Random variables bridge the gap between abstract probability spaces and real-world numerical outcomes. Whether counting outcomes or measuring continuous quantities, they provide the foundation for modeling uncertainty in data. 🎲

Learning Objectives

Learning objectives of the Random Variables section.

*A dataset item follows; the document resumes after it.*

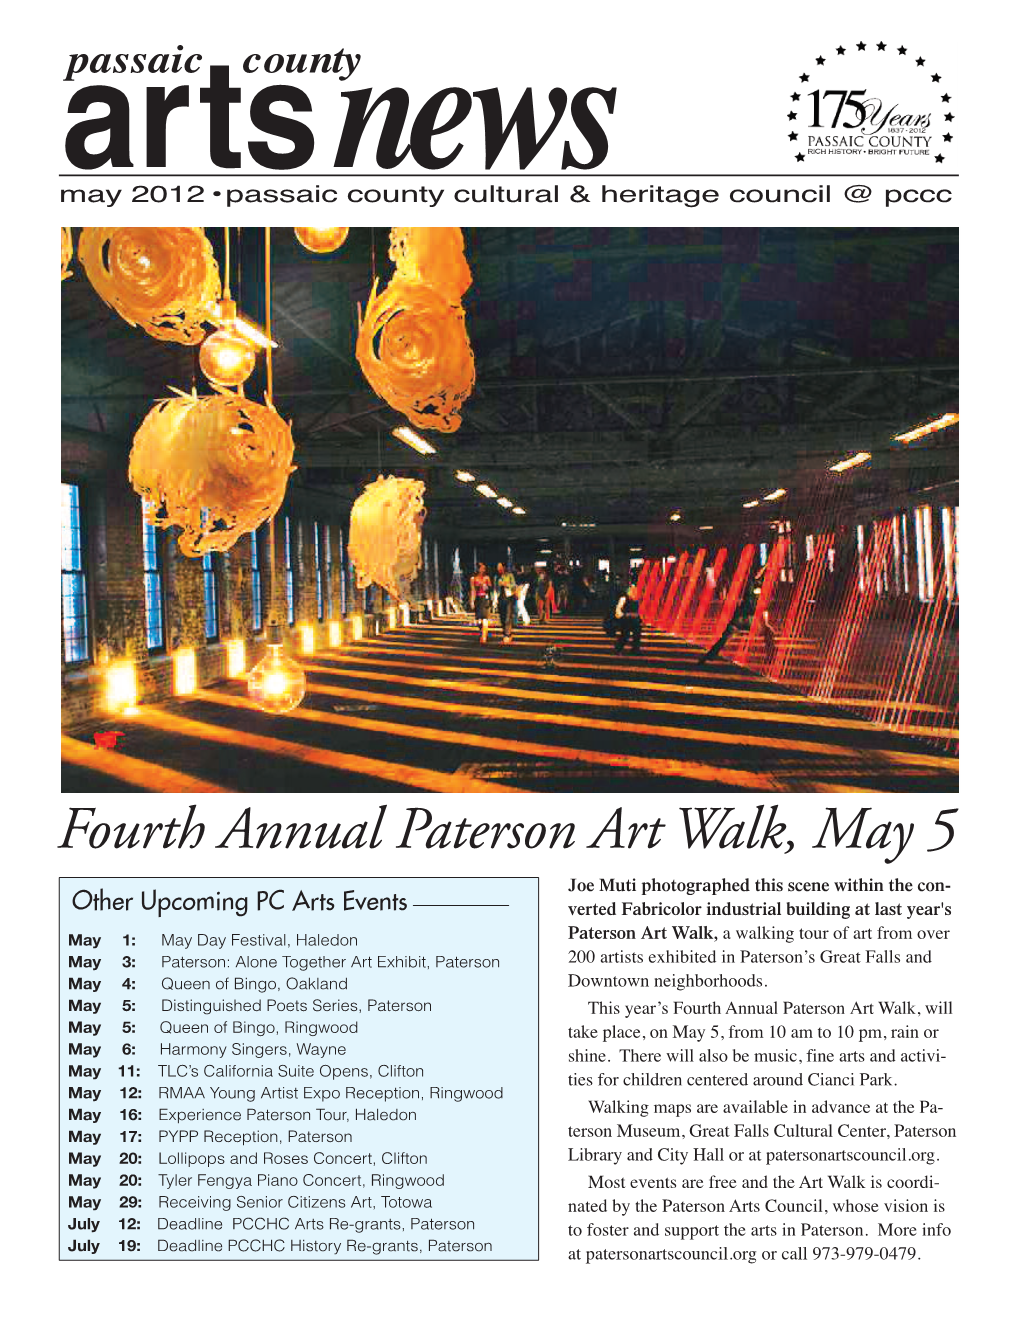 Fourth Annual Paterson Art Walk, May 5

• Discrete Random Variables
• Continuous Random Variables

Summary Table

Summary of the Random Variables section.

Concept	Discrete Random Variables	Continuous Random Variables
Sample Space	Countable outcomes	Uncountable outcomes
Domain of Variable	x \in \mathbb{Z}	x \in \mathbb{R}
Mapping	X: \text{Outcome} \rightarrow x \in \mathbb{Z}	X: \text{Event} \rightarrow x \in \mathbb{R}
Probability Function	Probability Mass Function (PMF):p_X(x) = P(X = x)	Probability Density Function (PDF):f_X(x) \geq 0
Total Probability	\sum_x p_X(x) = 1	\int_{-\infty}^{\infty} f_X(x) \, dx = 1
CDF (Cumulative Distribution)	F_X(x) = \sum_{k \leq x} p_X(k)	F_X(x) = \int_{-\infty}^{x} f_X(u) \, du
Probability of Exact Value	P(X = x) = p_X(x) > 0possible	P(X = x) = 0 for any exact x
Expectation	\mathbb{E}[X] = \sum_x x \, p_X(x)	\mathbb{E}[X] = \int_{-\infty}^{\infty} x \, f_X(x) \, dx
Variance	\text{Var}[X] = \sum_x (x - \mathbb{E}[X])^2 \, p_X(x)	\text{Var}[X] = \int_{-\infty}^{\infty} (x - \mathbb{E}[X])^2 \, f_X(x) \, dx
Joint Distribution	Joint PMF:p_{X,Y}(x, y) = P(X = x, Y = y)	Joint PDF:f_{X,Y}(x, y)
Marginal Distribution	p_X(x) = \sum_y p_{X,Y}(x, y)	f_X(x) = \int_{-\infty}^{\infty} f_{X,Y}(x, y) \, dy
Conditional Probability	p_{X|Y}(x|y) = \frac{p_{X,Y}(x,y)}{p_Y(y)}	f_{X|Y}(x|y) = \frac{f_{X,Y}(x,y)}{f_Y(y)}
Conditional Expectation	\mathbb{E}[X|Y=y] = \sum_x x \, p_{X|Y}(x|y)	\mathbb{E}[X|Y=y] = \int x \, f_{X|Y}(x|y) \, dx
Independence	p_{X,Y}(x,y) = p_X(x) \cdot p_Y(y)	f_{X,Y}(x,y) = f_X(x) \cdot f_Y(y)